Other than sheer loudness, would you say “Big Bottom” is your greatest legacy?

My epitaph may very well be those notes. But not written down as dots and lines—maybe there would be a little chip that would play it as soon as you come near my headstone, so it’s not wasted on an empty graveyard.

Do you have any advice for readers of this magazine who also happen to be ageing rock gods?

One, renew your subscription early. Because you never know. Two, take care of your body, and your body will take care of you. You can do yoga, or you can just hang from rings—I’ve seen that done. The body is not a temple, but it is a machine, and like any other machine, sometimes it needs an oil change.




Derek Smalls, Smalls Change (Meditations Upon Ageing) [2018, Twanky/BMG], It’s a Smalls World [1975, Nonesuch Record]; Spinal Tap, This Is Spinal Tap [1984, Polydor], Break Like the Wind [1992, MCA], Back From the Dead [2009, Spuzzle]


Bass Schecter 5-strings
Rig Croatia Audio Skjptrjc 58000 head & Czelcznc 7x10 cabinets
Strings Ernie Ball Super Slinky (.045–.100)


By Chris Jisi

Michael League (L) and Derek throw down

Michael League (L) and Derek throw down

As one might expect, Snarky Puppy bassist/bandleader Michael League was “quite chuffed” to be a part of Derek Smalls’ solo album Smalls Change. League first met Smalls on a 2016 Paul Allen cruise featuring the brightest (and loudest) from the fields of entertainment and science, for which Snarky Puppy was the house band. Smalls next sat in for an encore of Spinal Tap’s “Big Bottom” at a Puppy show in New Orleans. Offers League, “After that, Derek contacted me and said, ‘Hey mate, I’m making this record, and I want you to do a bass duet with me.’ And I immediately thought, This is the most important project I’ve ever done! My whole life as a musician has led up to me doing a bass duet with Derek Smalls!”

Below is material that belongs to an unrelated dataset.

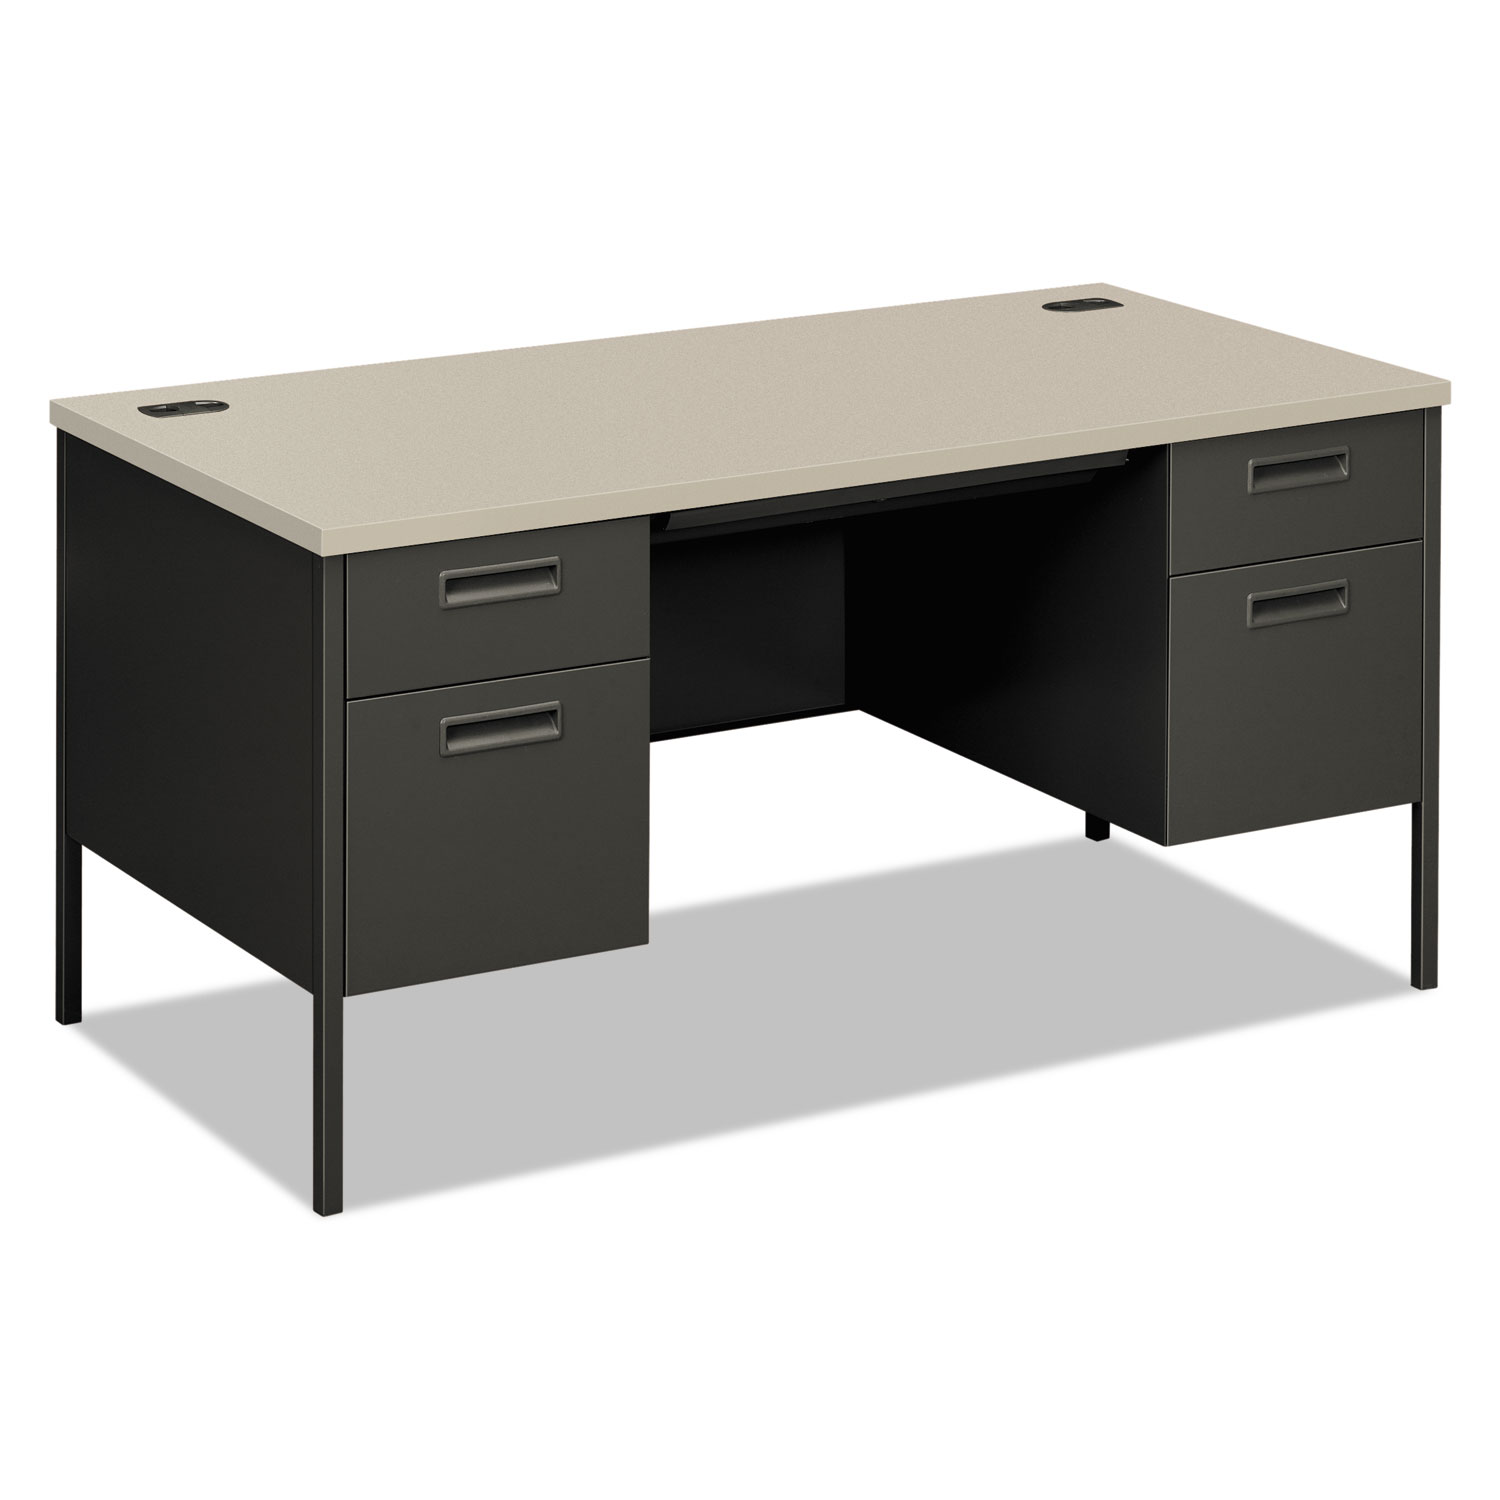 HON HONP3262G2S  Metro Classic Double Pedestal Desk, 60w x 30d x 29 1/2h, Gray Patterned/Charcoal
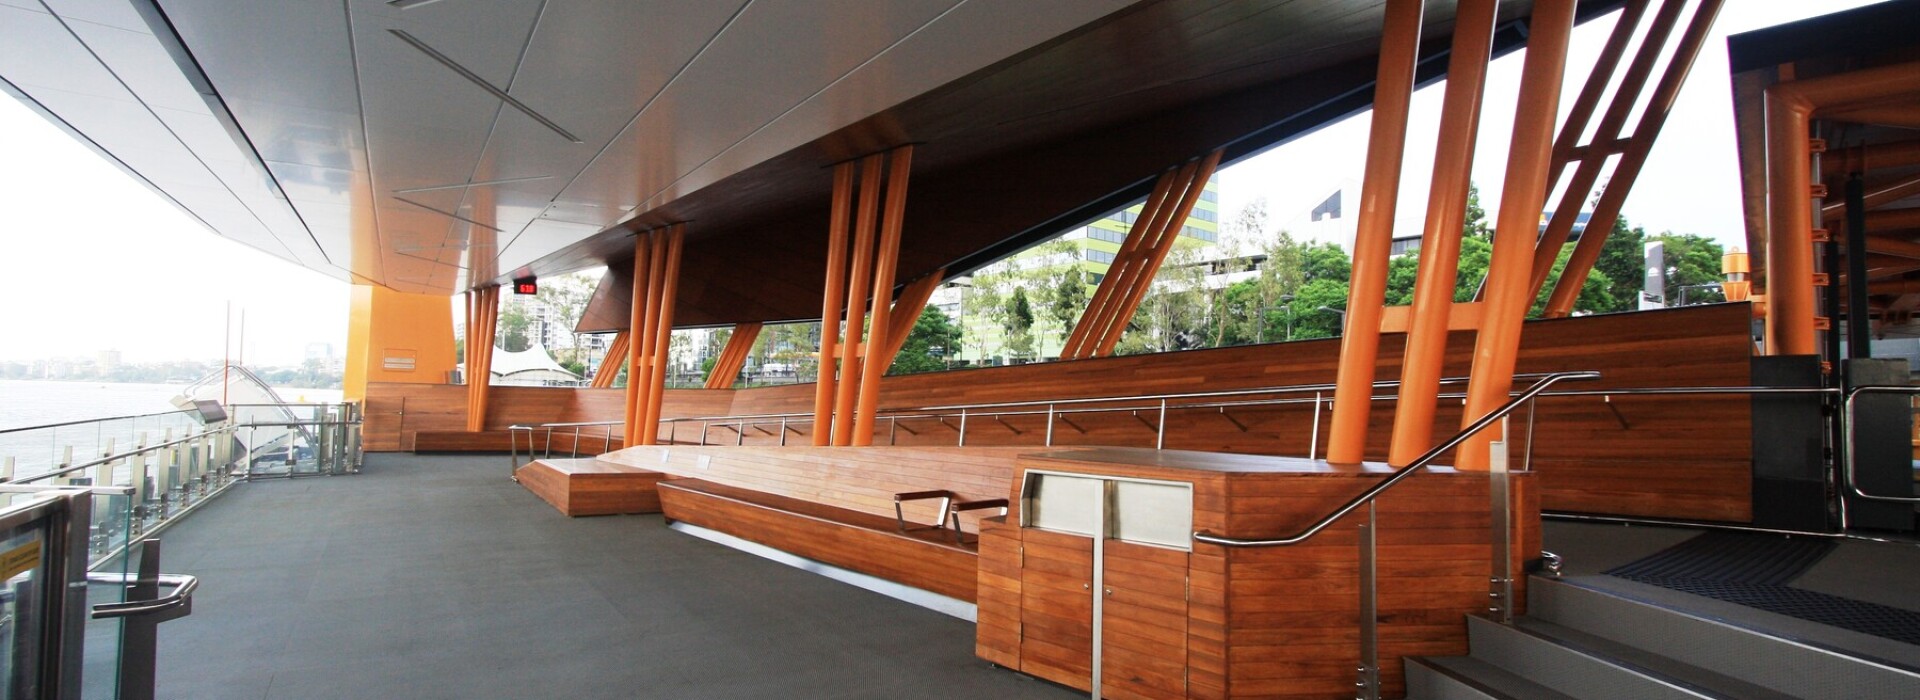 Brisbane River Ferry Terminals

The plucky pairing opens the album’s final track, “When Men Did Rock,” for which League played his Fodera Monarch strung as a tenor bass (ADGC), recorded direct through a Jule Monique preamp/DI. Although they recorded their parts separately, the spirit of good-natured one-upmanship is clearly in place. Example 1 shows the track’s first 16 bars. The passage is rubato, so we’ve added the implied bar lines, meters, and chord changes. Additionally, League’s parts are written and tabbed for standard 4-string, generally an octave down from where he played, unless noted.


Smalls starts the exchange by quoting a theme from Nikolai Rimsky-Korsakov’s 1888 symphonic suite Scheherazade, Opus 35, in bars 1 and 2, ending with an edgy trill and slide-off. League answers with ornamental arpeggios, coloring the E minor harmony with an F Lydian flavor in bar 4 and a V-chord cadenza utilizing the B half-step/whole-step diminshed scale in bar 5. Listen for how he dramatically increases and decreases the tempo of his phrases. Smalls replies in bar 7 with similarly paced arpeggios of his own, before restating his Scheherazade quote an octave higher. League closes matters in bar 12 with reverse arpeggios that culminate in an A chord (plucked via thumb, index, and middle finger, low-to-high). He then climbs an F7 chord two notes at a time and arrives at an E7 chord, which is meant to serve as the V chord setting up the track’s main key of A minor (at 1:44). In one final flourish, he descends via alternating E and Bb triads in bar 15, ending on an E power chord.